The digestive system is incomplete with a single opening serving as the mouth and anus. A single layer of endodermal cells line the gut, whose role is to absorb and digest the food materials. Some species also feature the secretion of enzymes in the gut or pharynx to soften and break up the food. The undigested food material is regurgitated through the mouth as an anal opening is absent. However, there are exceptions to this. Large species do possess an anal opening and some with exceptionally profusely branched guts possess more than one anal opening. This is because solely excreting from the mouth would prove difficult for them.
The excretory system of these animals is well-developed and is called protonephredia. Protonephredia comprises a network of tubules within the animal's body tissues. One end of the tubule extends into an exterior pore on the surface of the body, while the other end leads into spherical structure called flame cells. These flame cells possess long cilia which carry out a beating function. When the cilia beats, it gives the flame cells an appearance of a flickering candle and this is where the cells get their name. Excess water and body wastes enter the flame cells, are pushed into the tubules by the movement of cilia and thrown out of the body from the pore on the surface.
The control or regulation of water balance and ion levels in the body is termed as osmoregulation. Platyhelminthes animals live in the environment with high concentrations of dissolved materials. All animals have to maintain the concentration of dissolved substances at a constant level. These animals let their body tissues have the same concentration level as that of the environment with the help of protonephredia network.
Nervous System marked at the head region is of the primitive type. It comprises pair of anterior ganglia or a nerve ring connected to 1-3 pairs of longitudinal nerve chords with transverse commissures. These ganglia serve as the brain.

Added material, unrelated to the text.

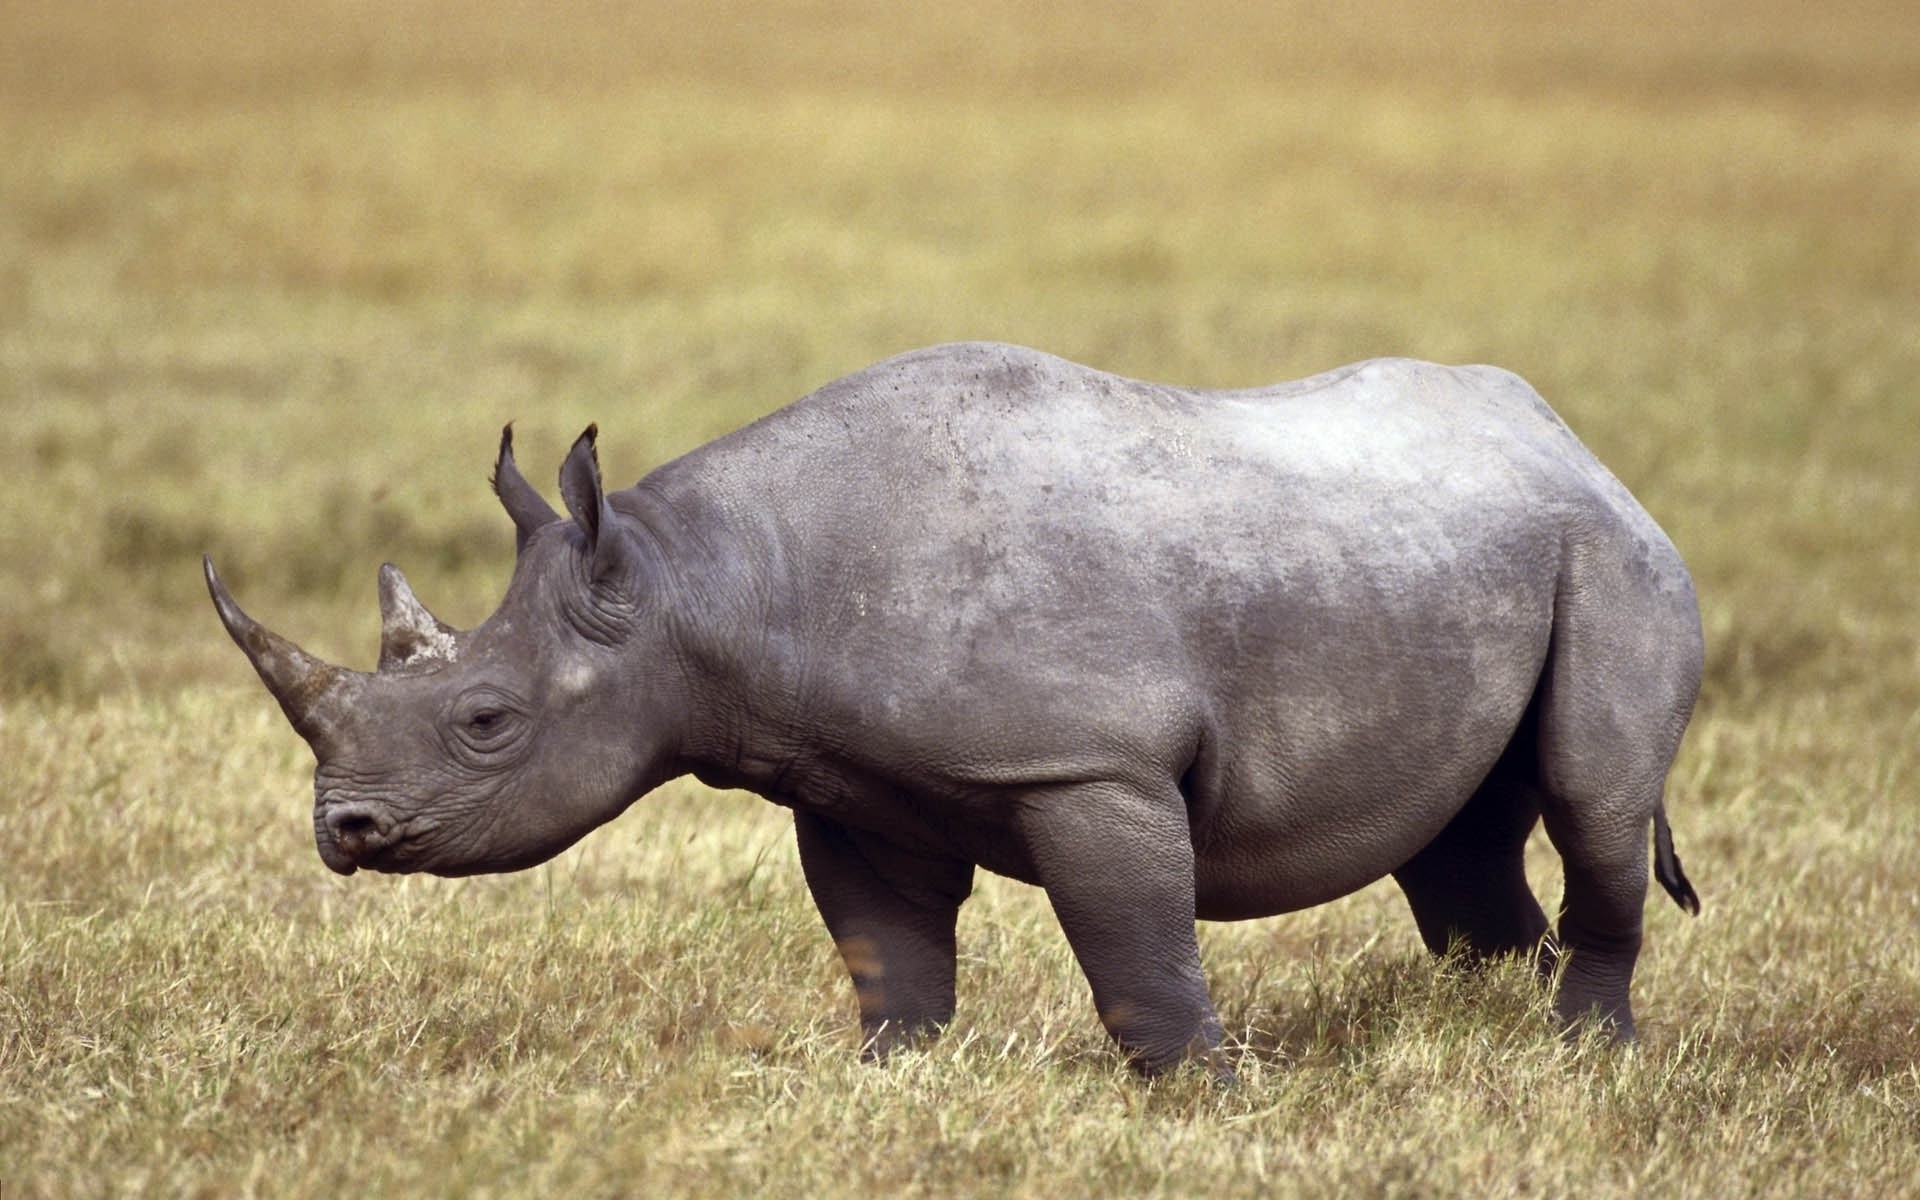 Rhino with prominent horns, Vast field background, Rhino image in high resolution, Wallpx wallpaper, 1920x1200 HD Desktop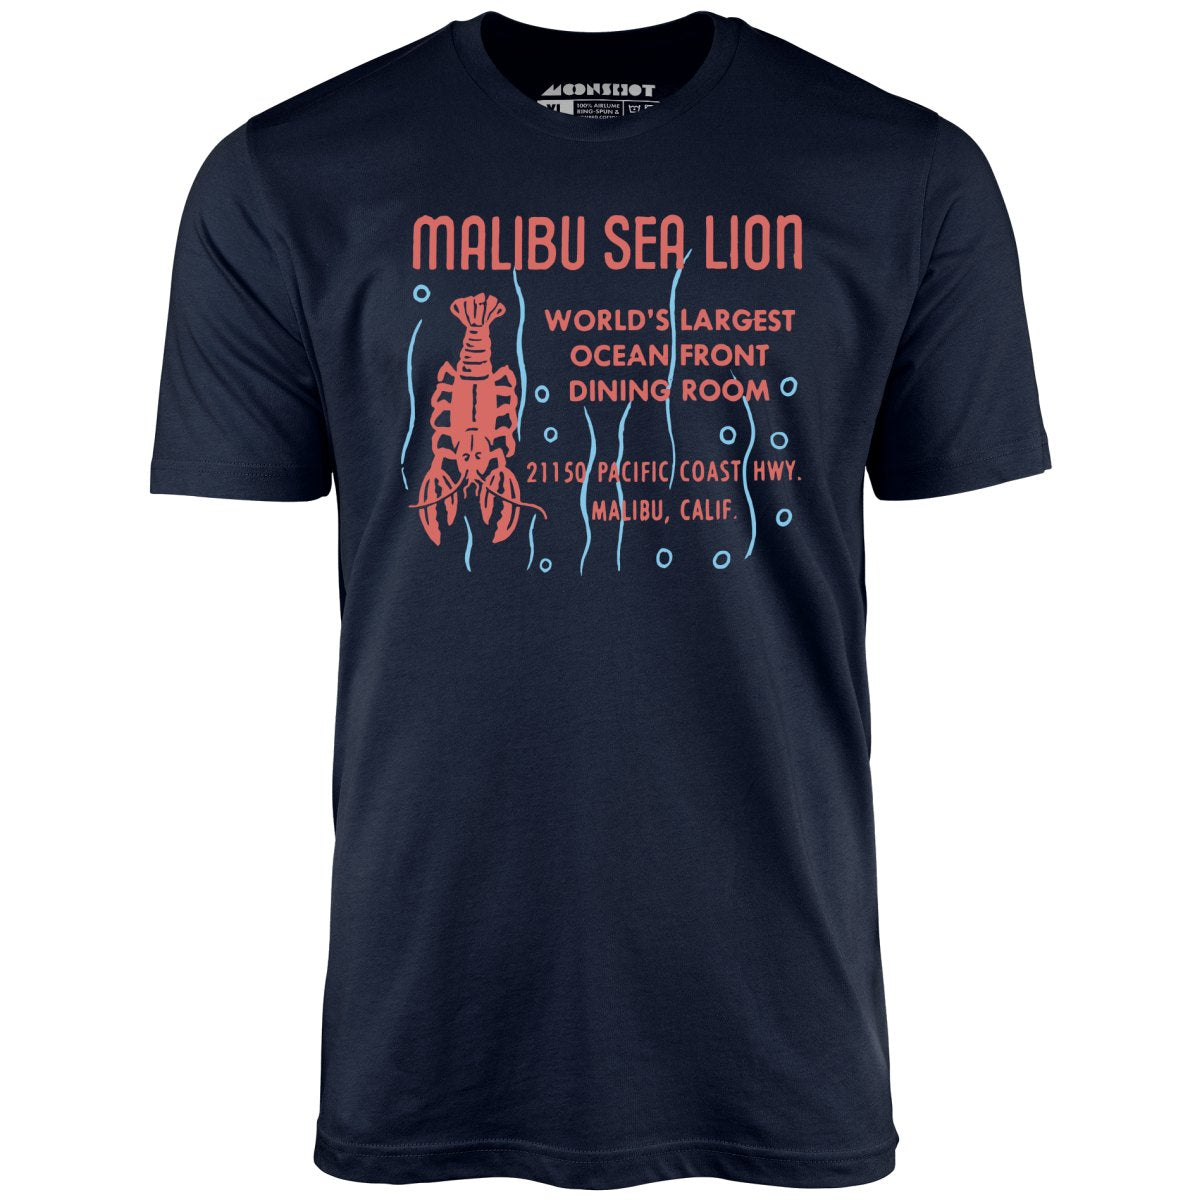 Malibu Sea Lion - Malibu, CA - Vintage Restaurant - Unisex T-Shirt

These animals can reproduce asexually and as well as sexually. They can reproduce asexually by transversal bipartition due to their ability to regenerate their tissues. They attach themselves to a substrate and induce a constriction in the body's mid region and get divided into two parts. The two divided body parts can regenerate into two different animal individuals. These animals are mostly hermaphrodite, that is both female and male reproductive organs are situated in one animal itself. Rarely animals with separate sex are found. Reproductive organs are highly developed. Self-fertilization (fusion of male and female gametes from the same animal) as well as cross fertilization (fusion of male and female gametes from different animals of the same species) is seen. The development is mostly direct, which means that the development does not include larval stage formation.
Some of the terrestrial and free living marine animals of this phylum are beautiful; however, most of them are unattractive to humans. A large number of these parasitic species infect man and cattle and some can even be fatal if not treated. The main diseases caused by the species of this phylum are schistosomiasis, tapeworm disease (cestodiasis) and cysticercosis. However, the good news is that mostly all diseases caused by these worms can be treated by modern medicines.